However, indexOf is a relatively expensive operation, especially for broad nodes with lots of children. getNextSibling is a lot faster in many DOM implementations. However, the cost is carrying around an extra pointer inside each node. At an extra four bytes per object, this adds up fast. In most cases, you can design your processing so you navigate through the tree in order, asking for each child of the parent in turn without using indexOf.

The Element class provides six methods to inquire about the attributes of an element:

For example, suppose we wanted to allow Example 7 to also print attributes. We could rewrite the first branch in the listChildren method like so:

    if (current instanceof Element) {
        Element temp = (Element) current;
        data = ": " + temp.getQualifiedName();   
        for (int i = 0; i < temp.getAttributeCount(); i++) {
          Attribute attribute = temp.getAttribute(i);
          String attValue = attribute.getValue();
          attValue = attValue.replace('\n', ' ').trim();
          if (value.length() >= 20) {
            attValue = attValue.substring(0, 17) + "..."; 
          }
          data += "\r\n    "
          data += attribute.getQualifiedName();
          data += "="
          data += attValue();
        }
    }

In the XOM data model, there are seven types of object found in an XML document:

All of these are direct or indirect subclasses of Node. Node defines the basic methods all XOM node objects support, including methods to:

Get the parent of this node:
public final ParentNode getParent()

This method returns null if the node does not currently have a parent. XOM never allows a node to have more than one parent at a time, though a node can be removed from one parent and added to another.

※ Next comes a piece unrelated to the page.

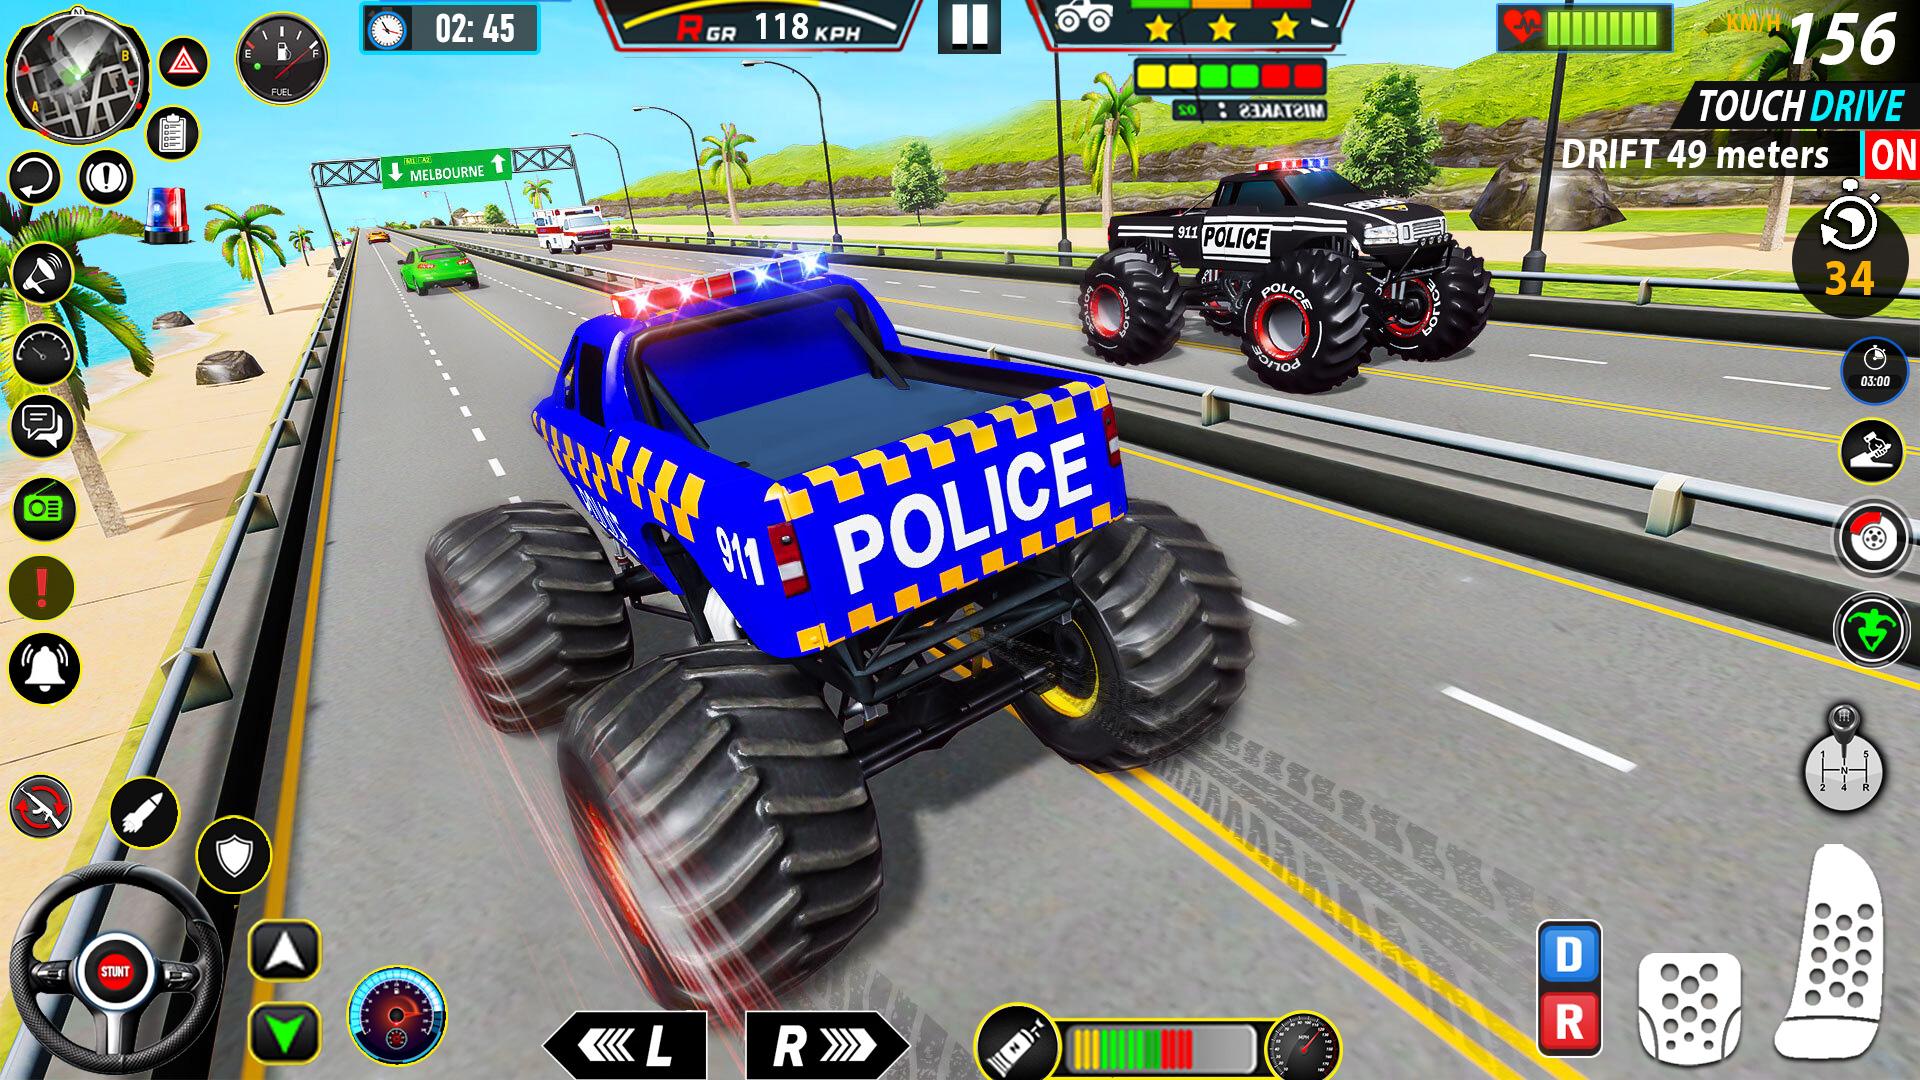 Real Monster Truck Derby Games v1.18 MOD APK

Get the document that contains this node:
public final Document getDocument()

This method returns null if the node does not currently belong to a document. XOM never allows a node to belong to more than one document at a time, though nodes can be moved from one document to another.

Calculate the XPath 1.0 string-value of a node:
public abstract String getValue()

The XPath rules for calculating string-values that XOM follows are:

  • The value of a text node is the text of the node.

  • The value of a comment is the text of the comment.

  • The value of a processing instruction is the processing instruction data, but does not include the target.

  • The value of an element is the concatenation of the values of all the text nodes contained within that element, in document order.

  • The value of a document is the value of the root element of the document.

  • The value of an attribute is the normalized value of the attribute. (If the attribute is created in memory, the value is the exact text of the attribute as specified. No extra normalization is performed. However, if the attribute is serialized white space is escaped as necessary to prevent serialization.)

XPath doesn't define a string-value for document type declarations, so XOM returns the empty string as the value of all DocType nodes.

This method never returns null, though it may return the empty string.

Get the base URI of a node:
public String getBaseURI()

Base URIs are calculated according to the XML Base Specification and RFC 2396, taking account of both xml:base attributes and the original URIs of the entities from which the node was parsed. In the cases of nodes created in memory with no obvious base URI, this method returns the empty string. The base URI is always an absolute URI, or the empty string if an absolute URI cannot be formed from the information in the document and the object.

Remove a node from its parent:
public void detach()

After a node has been detached, it may be inserted in another parent, in the same or a different document.

Get the children of a node:
public abstract int getChildCount()
public final Node getChild(int i)

Theoretically, these three methods really shouldn't be in this class because not all nodes have children. Logically, they belong to the ParentNode class. However, in practice it turns out to be very useful to ask a node for its children without knowing whether it can have any. Therefore for leaf nodes such as text nodes and processing instructions, getChildCount returns 0, and getChild throws an IndexOutOfBoundsException.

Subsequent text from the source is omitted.